Facebook の 2018/1/31 の投稿に手を加えたものです。

中学生の頃「スクリーン」でヌード立て看板と泳ぐスチールを見て以来、気になっていたイエジー・スコリモフスキ監督作品『早春』(70)を、遂に恵比寿ガーデンシネマで初見。
思わせぶりなイントロに「一昔前のアート風味を楽しむ映画か」と思いかけたものの、直後の主人公、ジョン・モルダー=ブラウン(美少年!)が綺麗なお姉さん、ジェーン・アッシャーに仕事の説明をされるシーンの溢れる生気に圧倒される。社会に出たてで敏感な人間の触れる音声と動きが、奔流のように迫ってくる。そして観客はあれよあれよという間に、恋に陥る主人公の馬鹿げた落ち着かなさを、丸かぶりしてしまうのだ。

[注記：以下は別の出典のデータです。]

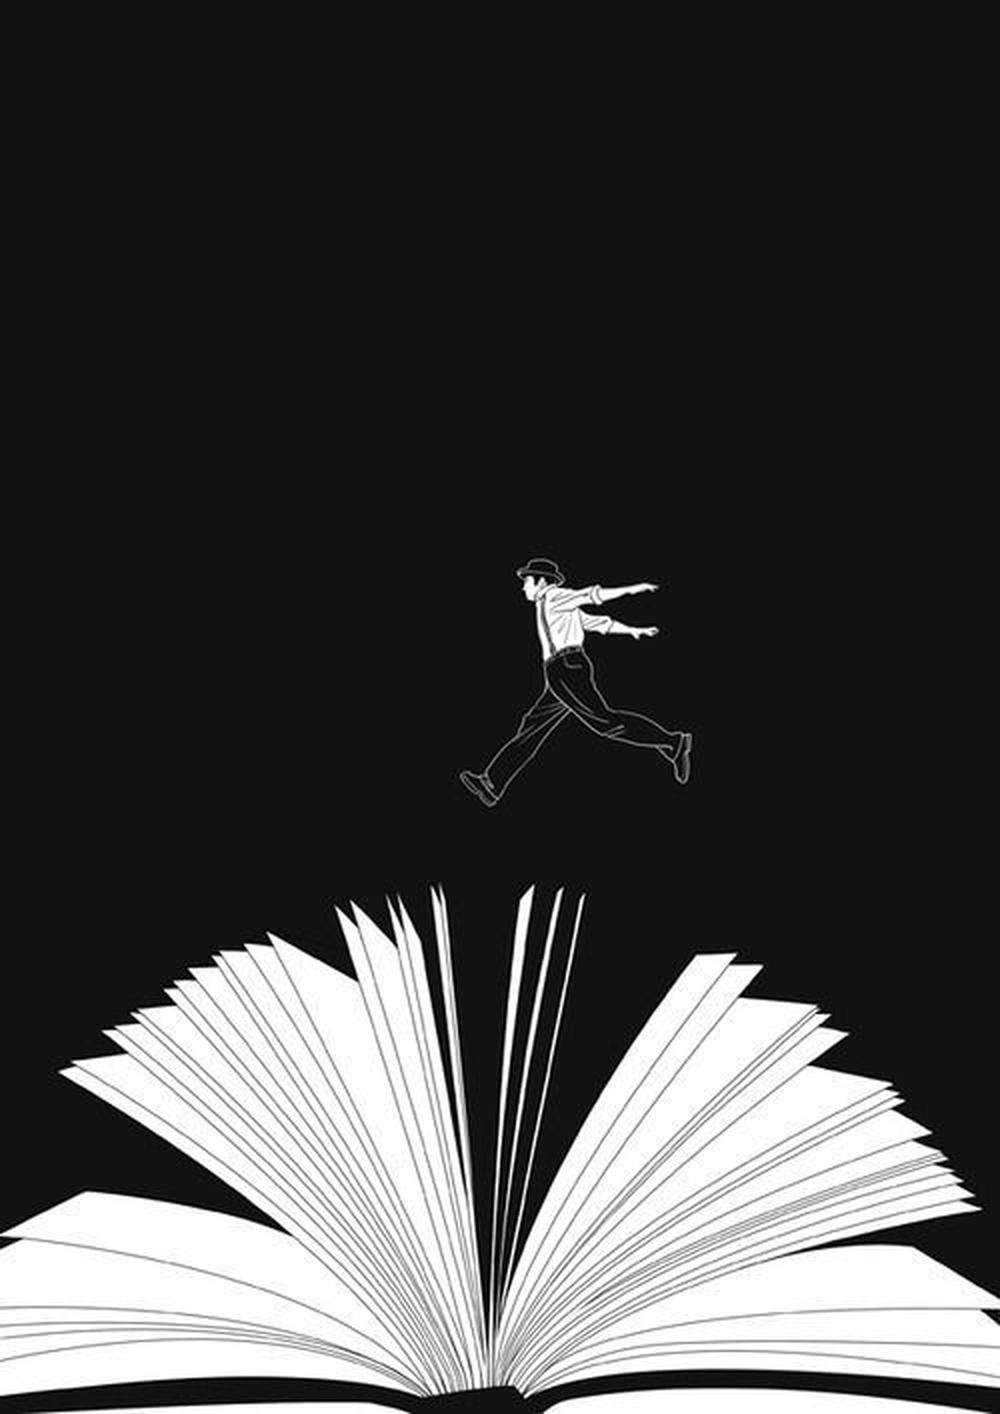 [mot fantôme] un mot publié dans un dictionnaire ou dans un ouvrage de référence similaire faisant autorité, qui est rarement utilisé ou qui était auparavant dénué de sens

この若々しさをして、処女作ではない。主役の二人のみならず登場人物のひとりひとりに「ああ、こいつ知ってる!」と思わすリアリティは、作家として、また人間としての経験値の高さを感じさせる。なんという若さと熟練の共存。ロケーションで捉えた場所の中で思い切り芝居させてみた結果の偶発的な良さと、「こういうことやってみたかったんだ」という作家的野心が場面ごとに惜しみなくダダ漏れしていく。最後は、この恋の激しさの決着はこのように描くしかないと思わせる趣向が、絶望的に炸裂する。
唖然として見ていくしかない時間を愛おしみたくなる奇跡的な映画だ。